According to a first aspect of the present invention, an inheritance method and apparatus for an unmanned aerial vehicle during task suspension are provided, including:

selecting an external environment mark in the task execution process, and marking the external environment mark as a succession punctuation on a flying line;

when the task of the current unmanned aerial vehicle is detected to be stopped, feeding back task stopping information, and synchronously triggering inheritance backtracking;

when receiving the task termination information, reallocating a new machine to execute the task, and defining a task starting section as the execution section inheriting the backtracking;

and after the new machine lights up the effective inherited punctuation in the execution section of the inherited backtracking, the new machine continues to execute the subsequent part of the task.

Further, selecting an external environment mark in the task execution process, and marking the external environment mark as a succession mark point on the flying route, specifically comprising:

gather the external environment information of unmanned aerial vehicle when cruising, the type of external environment information includes at least: landmarks, beacons;

removing time-varying landmarks and time-varying beacons in the external environment information to form a landmark library;

predefining a selection interval, and matching external environment information of the mark library with the flying line;

selecting an external environment mark in a mark library along the flying line by taking the selected distance as the minimum distance;

marking the selected external environment mark on the flying line, and defining the mark as a succession mark point;

and the marking timestamp of the inheritance punctuation is synchronously defined with the navigation time of the unmanned aerial vehicle, and the inheritance punctuation is associated and bound with the flying route.
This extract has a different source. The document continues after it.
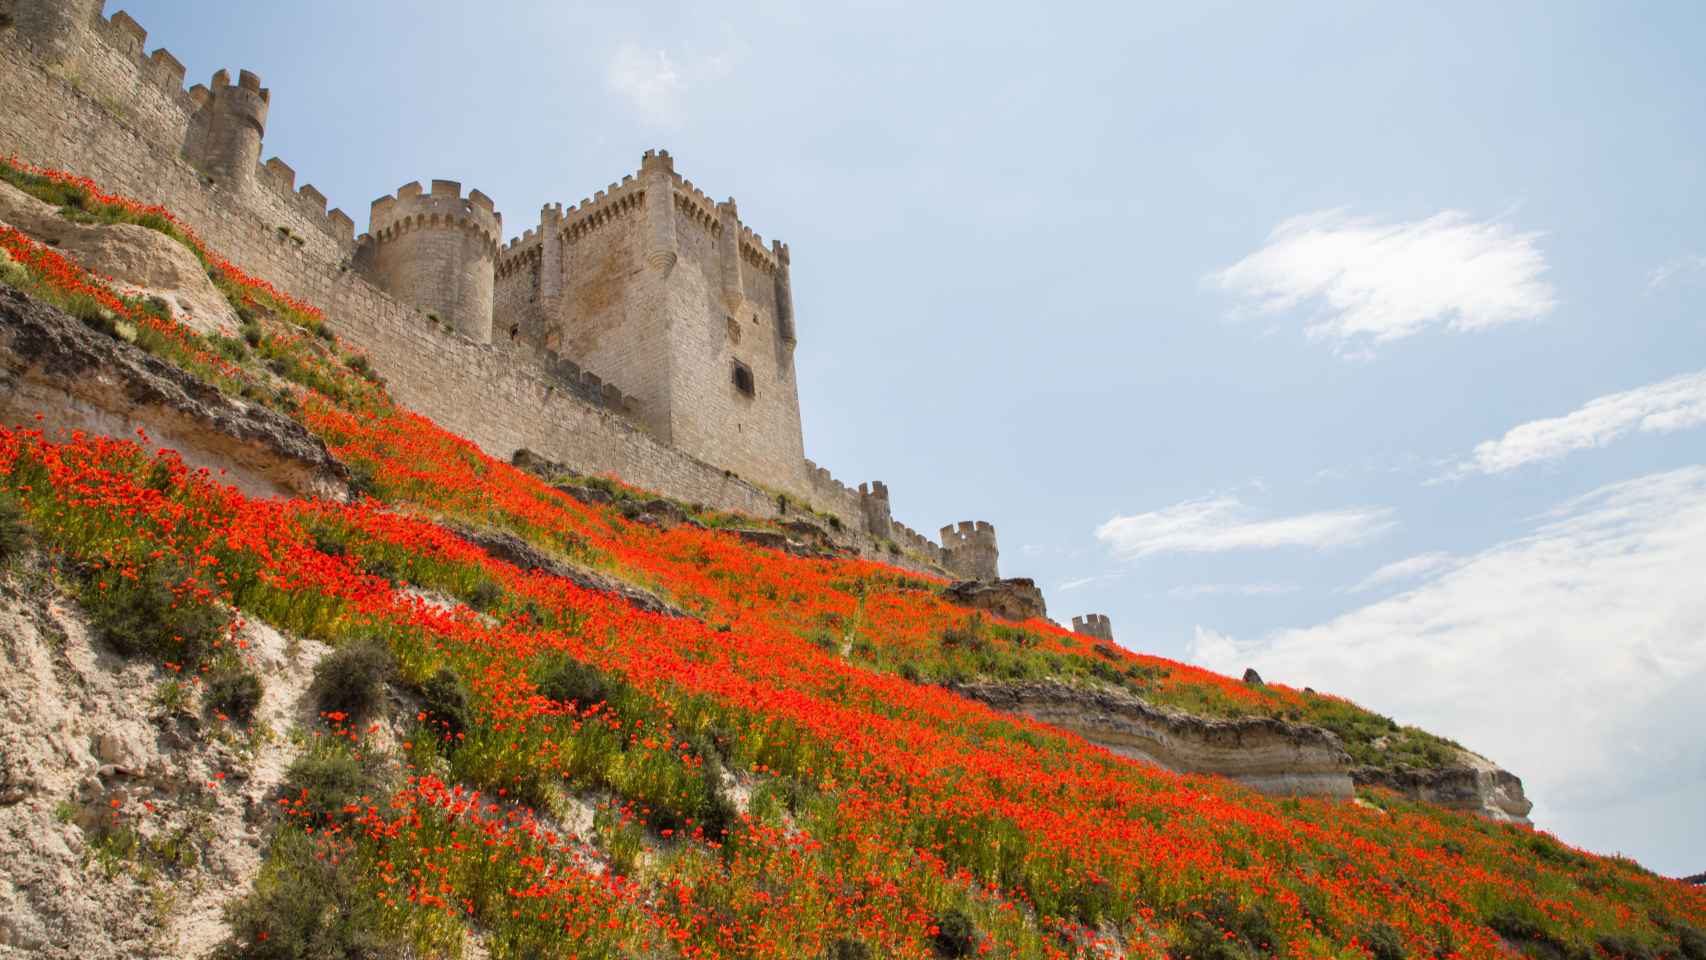 El Castillo de Peñafiel
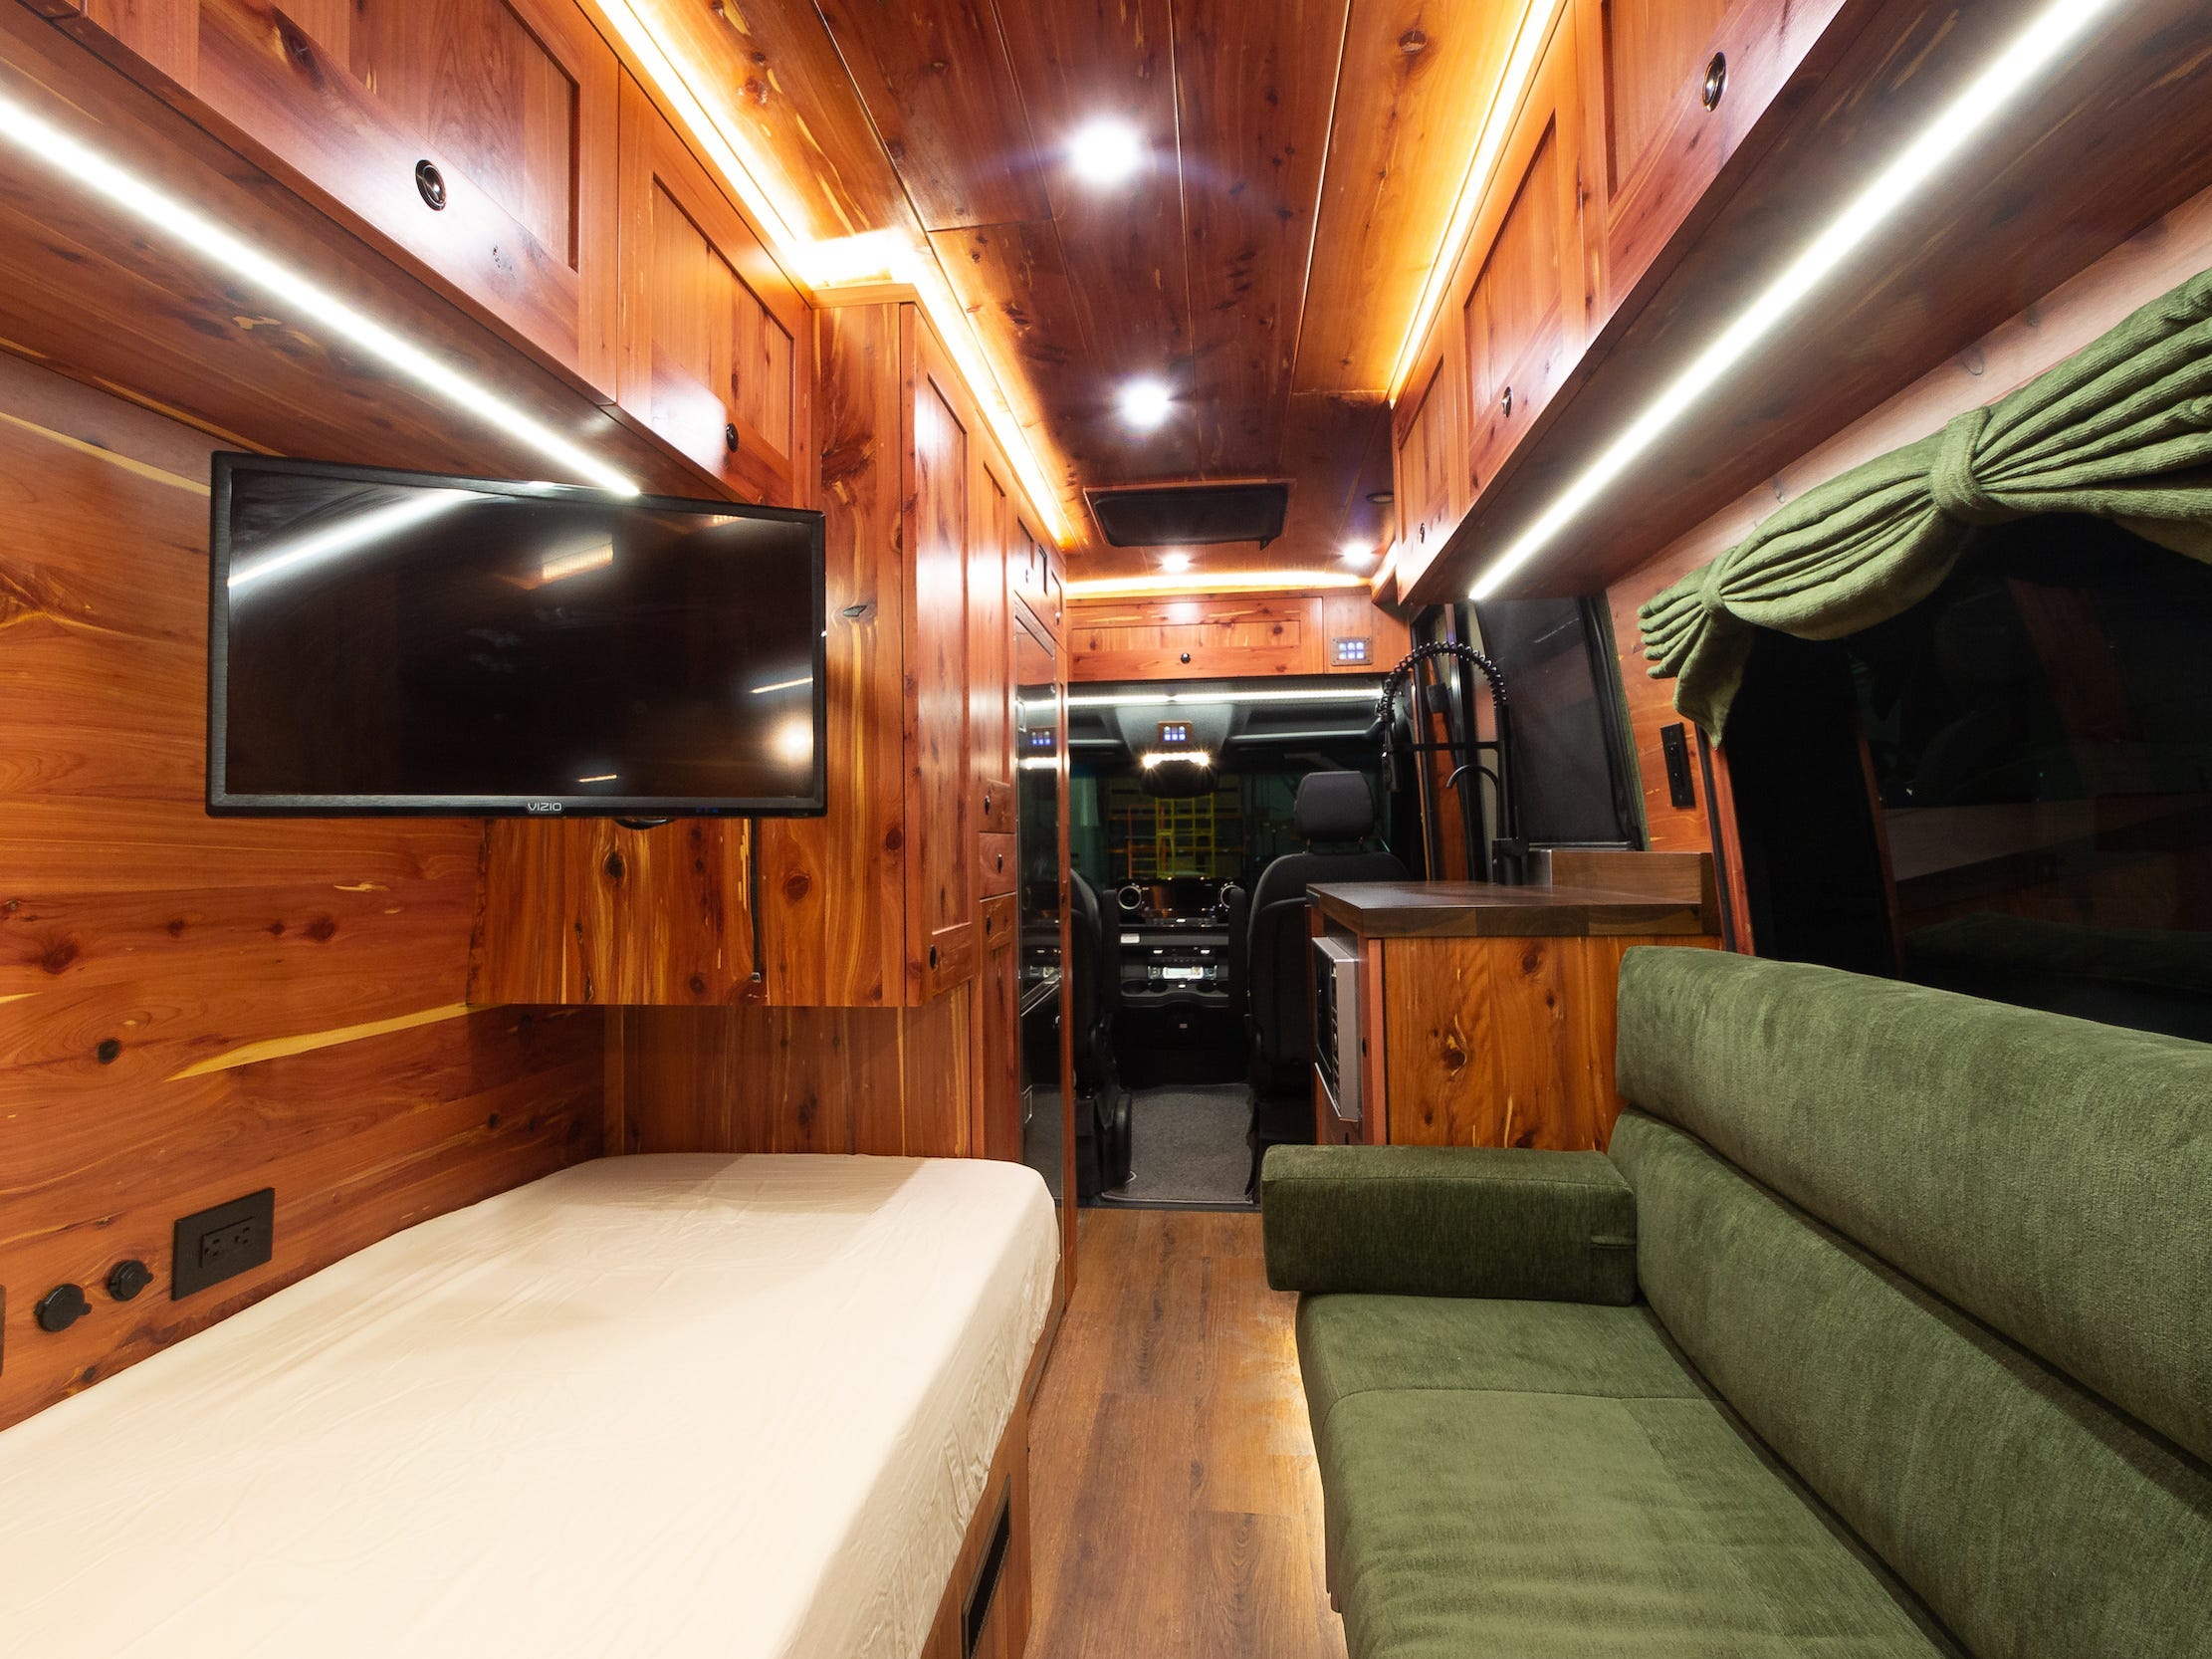 Links ein Bett, rechts eine grüne Couch.  Es gibt einen Fernseher, der von der Decke hängt, und einen Blick durch die Vorderseite des Vans.

Further, the current drone task is aborted when any of the following conditions is met: the endurance of current unmanned aerial vehicle is not enough, the flight ability of current unmanned aerial vehicle is not enough, current unmanned aerial vehicle breaks down, receives the task and stops the instruction.

Further, when detecting that the current unmanned aerial vehicle task is suspended, feeding back task suspension information, synchronously triggering inheritance backtracking, specifically comprising:

when the current unmanned aerial vehicle autonomously sends a task suspension request, additionally triggering an influence condition of task suspension;

responding to a task suspension request of the current unmanned aerial vehicle according to the influence condition, and synchronously feeding back task suspension information after confirming that the task of the current unmanned aerial vehicle is suspended;

predefining an execution section for inheriting backtracking according to the length of the flying route;

and taking the latest inherited punctuation selected by the current unmanned aerial vehicle as a starting point, and backtracking all the inherited punctuations in the execution section.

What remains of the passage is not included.